Leykis credits his defining moment to seriously pursue a career in radio to an incident that occurred in the early 1980s, in which his then-girlfriend locked him out of their residence because she believed he didn't earn enough money; he has since stated that this was one of the most important events of his life. A few years later, Leykis appeared on an episode of 20/20 where she contacted his show in an attempt to resume their relationship and he declined.

On Monday, February 27, 1984, The Tom Leykis Show aired on WNWS in Miami to replace the WNWS night show hosted by talk radio personality Neil Rogers. Rogers, who had previously signed conflicting employment contracts with both WNWS (790 AM) and WINZ (940 AM), had just won permission from a Miami court to take his act to WINZ and hoped leaving WNWS would be devastating to Leykis' program. Rogers and Leykis became rivals and, in June 1984, just after Denver radio talk show host Alan Berg was assassinated, Leykis told listeners Neil Rogers' real name and urged callers to harass his on-air rival. By January 1985, Leykis had the top-ranking evening talk show in the market, edging out Rogers due to his show being preempted by sports broadcasts. In September 1985, Leykis abruptly left his WNWS job without notice over concern about the pending WNWS-WGBS merger and began work at Phoenix's KFYI.

As program director at KFYI, Leykis constructed a politically well-rounded host lineup inserting himself as a "left leaning libertarian" in the afternoons. Leykis was known for his method of gathering new callers for the station by provoking rival station KTAR. In 1987, Leykis abruptly left KFYI because of differences with station management that still has a shroud of secrecy surrounding the details. As of the late 1990s, KFYI hosts were prohibited from discussing the details of Leykis' departure from the station. While still in Phoenix, Leykis also had a local public-access television show called Backstage Pass.

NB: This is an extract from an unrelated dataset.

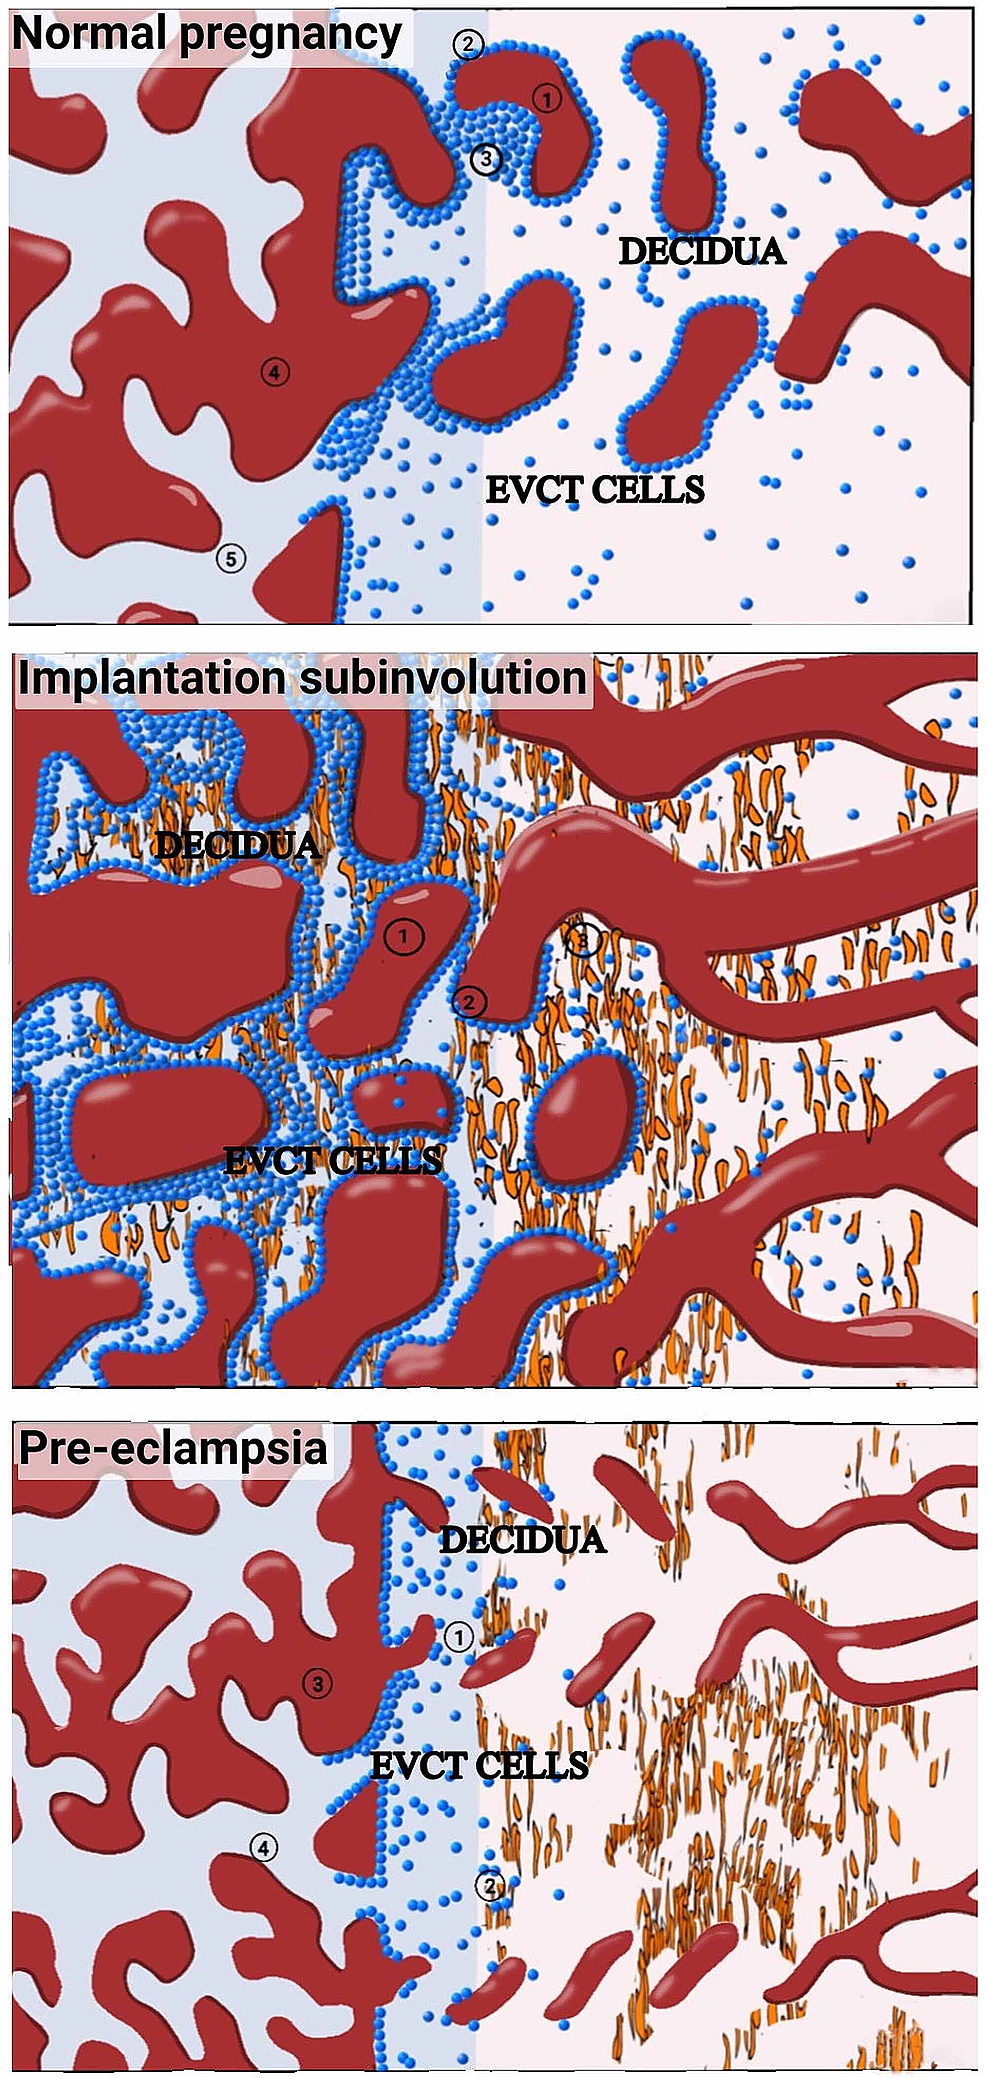 Pattern-of-trophoblastic-invasion-in-normal-pregnancy-(top);-pattern-of-trophoblastic-persistence-in-uterine-subinvolution-(middle);-and-preeclampsia-(bottom)

After leaving Phoenix, Leykis moved on to Los Angeles to work for KFI, where he hosted a talk-radio program from 1988 to 1992, as a liberal counterpart to Rush Limbaugh. During this time, KFI was hit with a $6,000 Federal Communications Commission (FCC) indecency fine over Leykis' on-air comments; however, the fine was paid in full from contributions by listeners. During Leykis' tenure at KFI, KFI host Geoff Edwards was suspended and then resigned over an incident related to steamrolling a massive collection of Cat Stevens' work sent in by listeners, which was motivated by Leykis' denouncement of Cat Stevens' comments about Salman Rushdie. A local Nazi historian likened the stunt as being reminiscent of a Nazi book burning.

On September 29, 1992, KFI management dismissed Leykis with only an hour's notice, based on what Leykis claims they called "a business decision"; KFI assumed the obligation of paying him his contracted salary, estimated at $400,000 per year, for the remaining six months of his contract.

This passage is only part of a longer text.